Processus de Berlin : la Serbie refuse de signer les accords de dialogue avec le Kosovo

Lors d’un sommet organisé à Tirana, la Serbie aurait refusé de signer des accords facilités par l’UE pour la normalisation des relations avec le Kosovo, selon le Premier ministre kosovar.

Euractiv.com
Berlin Process – Leaders’ Summit in Tirana
De gauche à droite : le secrétaire d’État britannique aux Affaires étrangères James Cleverly, la présidente hongroise Katalin Novak, le président du Conseil européen Charles Michel, le Premier ministre grec Kyriakos Mitsotakis, le chancelier allemand Olaf Scholz, le Premier ministre néerlandais Mark Rutte et le Premier ministre albanais Edi Rama, la présidente de la Commission européenne Ursula von der Leyen, le Premier ministre croate Andrej Plenkovic, le Premier ministre espagnol Pedro Sánchez et le Premier ministre du Monténégro Dritan Abazovic posent pour une photo lors du Sommet du Processus de Berlin à Tirana, en Albanie, le 16 octobre 2023. [EPA-EFE/MALTON DIBRA]

Lors d’un sommet organisé à Tirana, la Serbie aurait refusé de signer l’accord de base du Processus de Berlin et l’accord d’Ohrid pour la normalisation des relations avec le Kosovo, tous deux facilités par l’Union européenne, selon le Premier ministre kosovar, Albin Kurti.

L’accord et ses annexes ont déjà fait l’objet d’un arrangement verbal dans le cadre d’un dialogue soutenu par l’UE en vue de normaliser les relations entre les deux pays. Le président serbe Aleksandar Vučić a toutefois refusé de signer ces accords, en dépit de la volonté du Kosovo.

Le président serbe était en voyage en Chine et n’a donc pas pu être présent lors du sommet. Le pays était représenté par la Première ministre Ana Brnabić.

S’adressant à la presse en fin de journée, M. Kurti a rappelé que l’accord avec la Serbie, daté du 27 février et « basé sur la reconnaissance mutuelle », devait à présent être « mis en œuvre ».

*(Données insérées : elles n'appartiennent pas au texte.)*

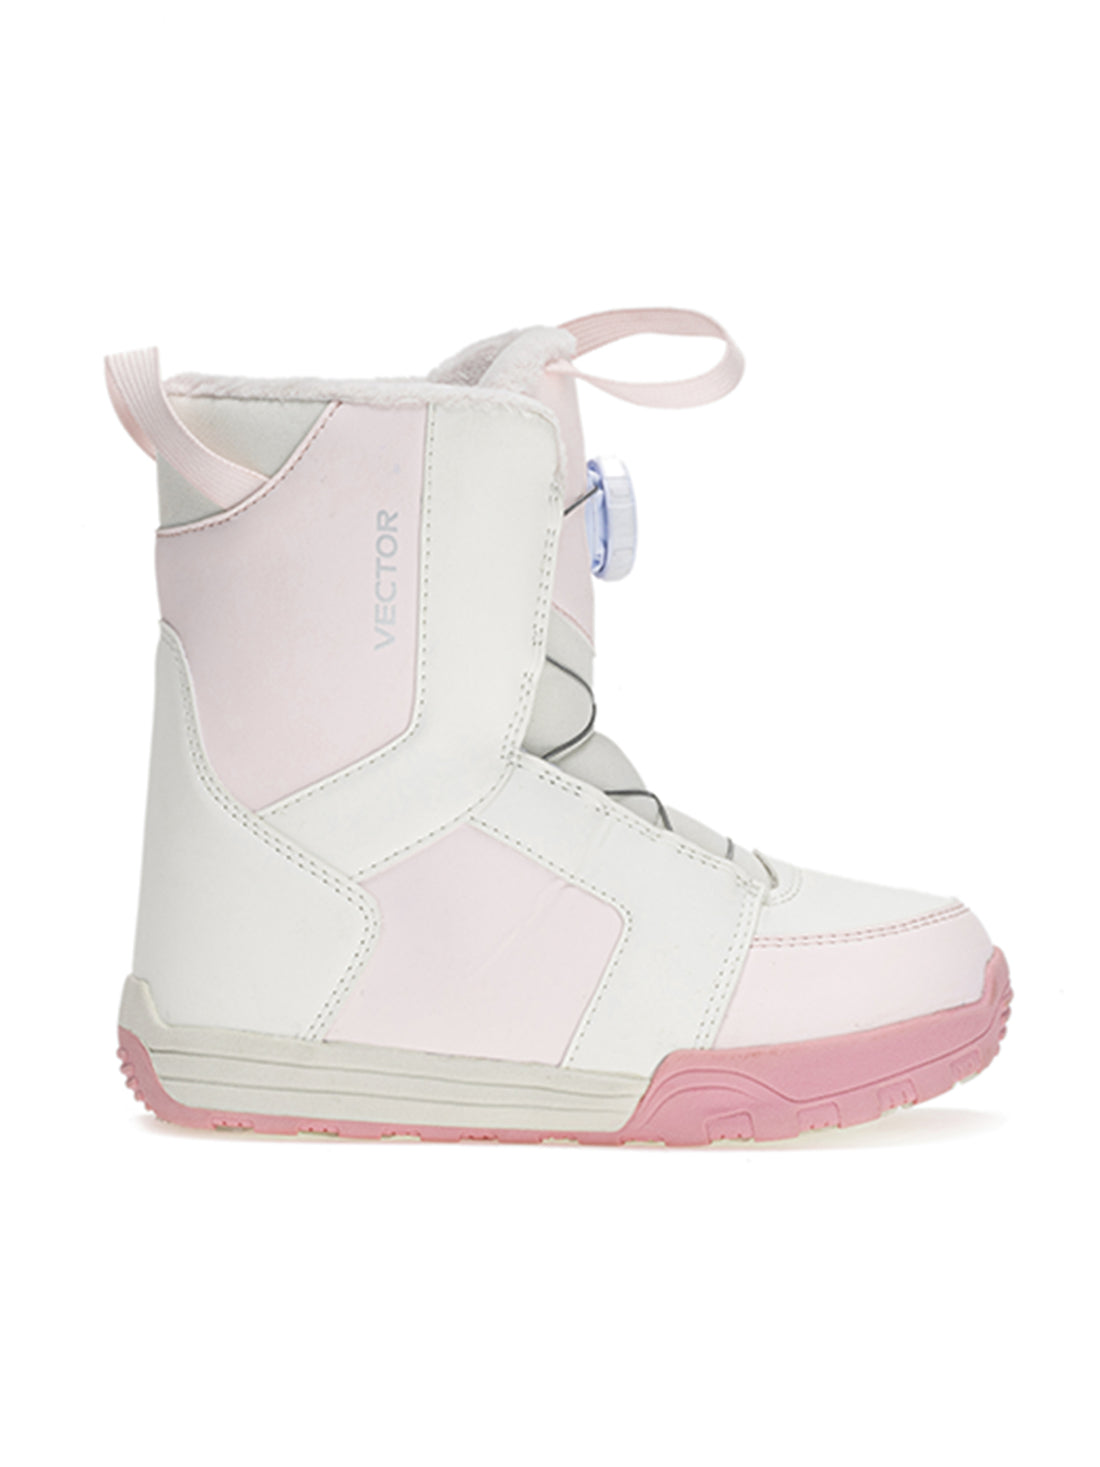 Kids' Utility Snowboard Boots

« Aujourd’hui même, j’ai demandé au Premier ministre serbe de signer l’accord de base et l’annexe d’Ohrid. Je suis pour leur mise en œuvre » a-t-il déclaré, soulignant que « le président [Aleksandar] Vučić est en Chine pour rencontrer les grandes puissances de l’Est » et que l’accord « ne l’intéresse toujours pas ».

La reconnaissance du Kosovo, une ligne rouge pour la Serbie

La Serbie a toujours affirmé qu’elle soutenait le processus de dialogue et qu’elle était prête à y prendre part, insistant sur la mise en œuvre de divers accords, tels que l’accord sur l’Association serbe du Kosovo.

Toutefois, elle refuse depuis onze ans de signer ces accords, car cela ouvrirait la voie à une normalisation plus poussée et à une reconnaissance de facto de la souveraineté du Kosovo.

En outre, sur le peu d’accords signés, très peu ont effectivement été mis en œuvre.

Attentat terroriste

En ce qui concerne les mesures à prendre à l’encontre de la Serbie à la suite de l’attentat terroriste du 24 septembre dans le nord du Kosovo, l’UE a maintenu sa ligne lors du sommet.

Pour rappel, fin septembre, un commando de Serbes du Kosovo a tendu une embuscade à la police kosovare à Banjska, dans le nord du pays, où de nombreux Serbes de souche résident. Au terme des échanges de tirs, un policier kosovar albanais et trois Serbes du Kosovo ont été tués.

Le gouvernement kosovar et les Albanais du Kosovo rejettent la responsabilité des violences sur Belgrade, tandis que cette dernière dément les accusations.

Lors du sommet, la présidente de la Commission européenne, Ursula von der Leyen, a déclaré qu’il était nécessaire de mener une enquête approfondie et que ce n’est qu’ensuite qu’une décision serait prise à l’égard de la Serbie.

Le chancelier allemand Olaf Scholz a ajouté que l’attaque contre la police du Kosovo était inacceptable.

« Nous condamnons l’attaque contre les forces de police du Kosovo. Nous ne l’accepterons pas, et il est clair que les pays de l’UE et l’Allemagne ne peuvent tolérer cela. Nous exigeons des enquêtes approfondies de la part des autorités kosovares et la coopération des autorités serbes dans le cadre de ces enquêtes », a déclaré M. Scholz.